The lack of any head-to-head comparisons of injection-site pain associated with first-generation depot antipsychotics versus atypical LAIs makes it difficult to gauge whether the newer LAIs have improved the user experience for patients. Our indirect comparison suggests that PP may be associated with lower mean pain severity than first-generation products. Mean VAS scores for first-generation antipsychotics obtained two days after injection were higher than the corresponding scores for PP: haloperidol, up to 6.5-fold higher; zuclopenthixol, up to five-fold higher; fluphenazine, approximately two-fold higher; and flupentixol, approximately 1.6-fold higher. However, because the comparison is based on different studies conducted at different times, these results should be considered hypothesis-generating only and replicated in a direct head-to-head study.

Acknowledgments. The authors thank Alison Comer, PhD, and Matthew Grzywacz, PhD, for providing writing and editorial assistance with this letter to the editor.

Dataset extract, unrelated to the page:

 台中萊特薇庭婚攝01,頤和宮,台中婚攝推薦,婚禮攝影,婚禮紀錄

Author contributions. Srihari Gopal, Teresa Palermo, Jennifer Kern Sliwa, Dong-Jing Fu, and Larry Alphs were responsible for study design, data collection, and writing of the report. Isaac Nuamah was responsible for study design, data collection, writing of the report, and statistical analyses. All authors critically reviewed and revised the report and approved the final version of the report for submission.

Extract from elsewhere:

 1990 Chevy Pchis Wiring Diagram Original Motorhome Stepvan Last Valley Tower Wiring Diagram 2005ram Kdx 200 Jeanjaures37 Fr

1. Alphs L. Novel long-acting and extended-release formulations of antipsychotic drugs. In: Pharmacological Treatments in Schizophrenia. London, UK: Future Medicine Ltd; 2012:50–65.
2. Leucht C, Heres S, Kane JM, et al. Oral versus depot antipsychotic drugs for schizophrenia—a critical systematic review and meta-analysis of randomised long-term trials. Schizophr Res. 2011;127(1–3):83–92.
3. Bloch Y, Mendlovic S, Strupinsky S, et al. Injections of depot antipsychotic medications in patients suffering from schizophrenia: Do they hurt? J Clin Psychiatry. 2001:62(11):855–859.
4. Physicians’ Desk Reference. 69th Ed. Montvale, NJ: PDR Network; 2015.
5. United States Food and Drug Administration. United States Center for Drug Evaluation and Research. Clinical pharmacology and biopharmaceutics review(s). http://www.accessdata.fda.gov/drugsatfda_docs/nda/2009/022264s000clinpharmr.pdf. Accessed February 18, 2014.

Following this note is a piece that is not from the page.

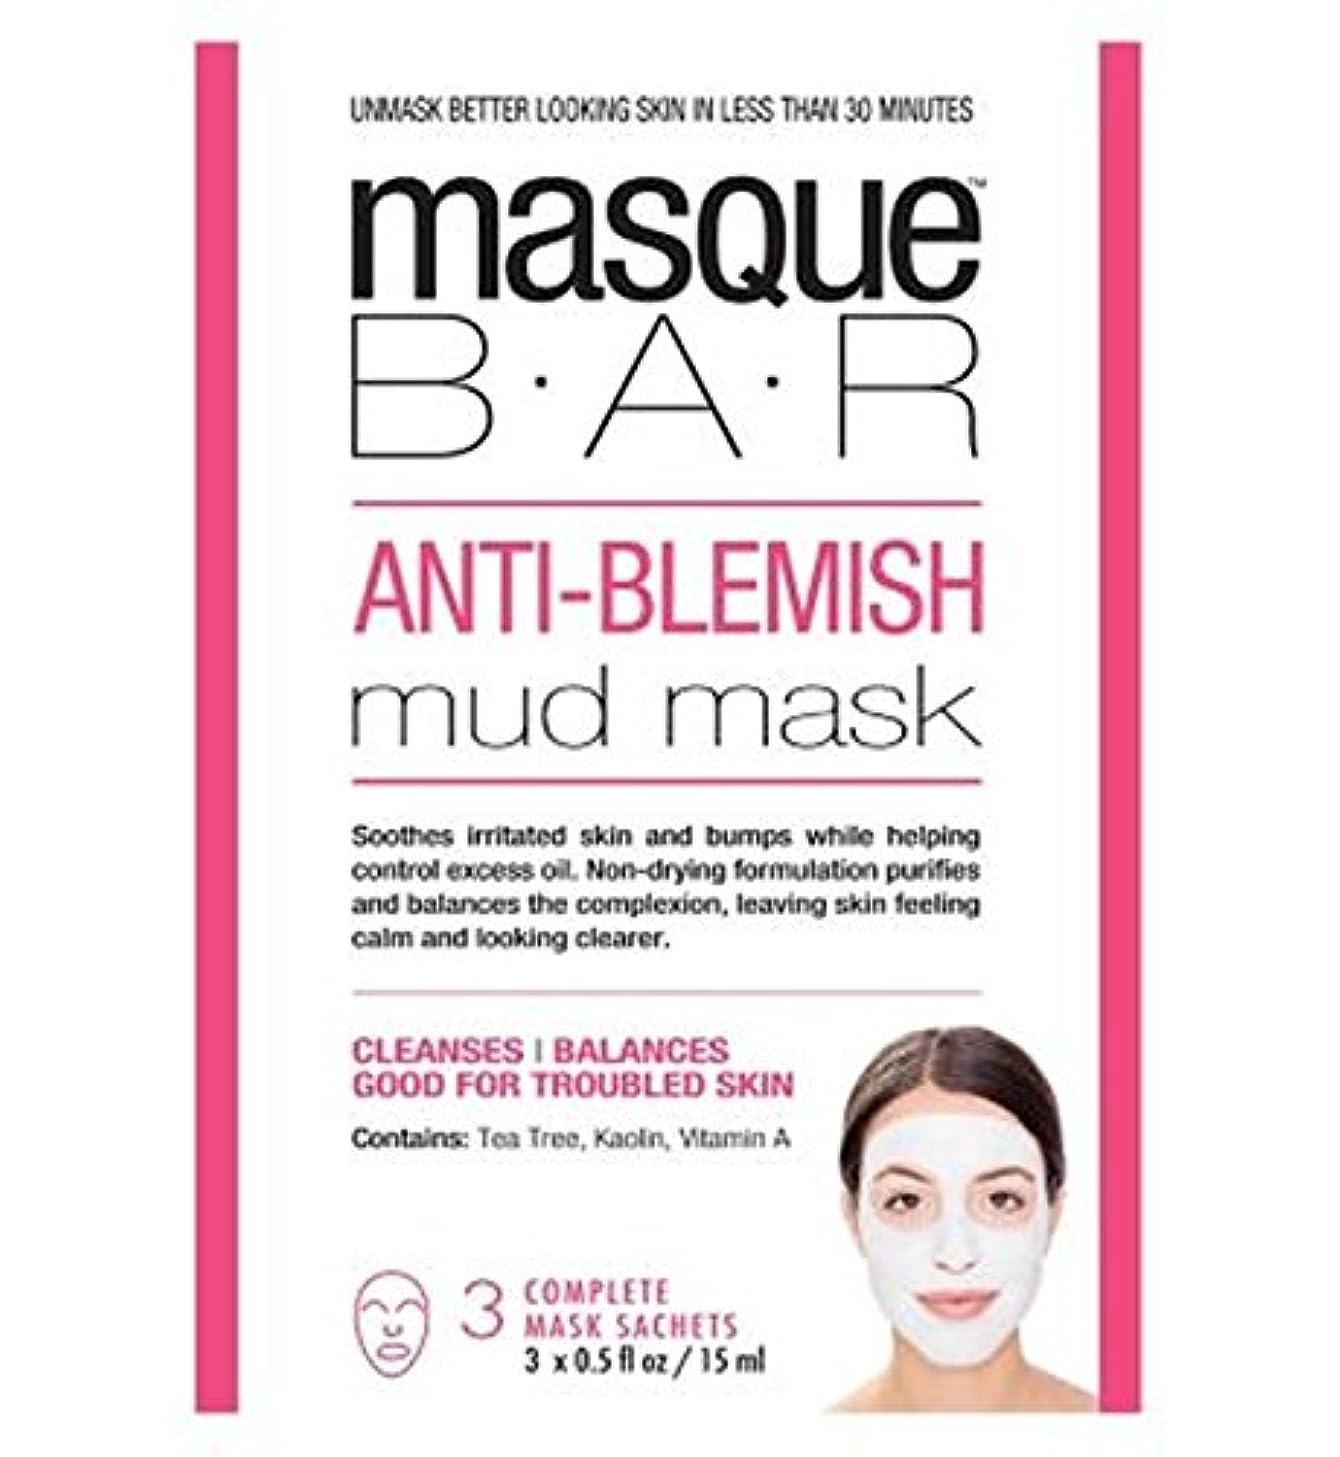 爆風八百屋タール仮面劇バー抗傷泥マスク - 3S (P6B Masque Bar Bt) (x2) - Masque Bar Anti-Blemish Mud Mask - 3s (Pack of 2) [並行輸入品]

[a] Methods and results are detailed in a clinical pharmacology and biopharmaceutics review by the United States Center for Drug Evaluation and Research.[5]

With regards,
Srihari Gopal, Teresa Palermo, Jennifer Kern Sliwa, Isaac Nuamah, Dong-Jing Fu, and Larry Alphs
Gopal and Nuamah are with Janssen Research & Development, LLC, Titusville, New Jersey, United States; Palermo is with Johnson County Mental Health, Shawnee, Kansas, United States; and Sliwa, Fu, and Alphs are with Janssen Scientific Affairs, LLC, Titusville, New Jersey, United States.

Funding/financial disclosures. This work was supported by Janssen Scientific Affairs, LLC. Gopal and Nuamah are employees of Janssen Research & Development, LLC, and are Johnson & Johnson stockholders; Palermo is an independent practitioner; and Sliwa, Fu, and Alphs are employees of Janssen Scientific Affairs, LLC, and are Johnson & Johnson stockholders.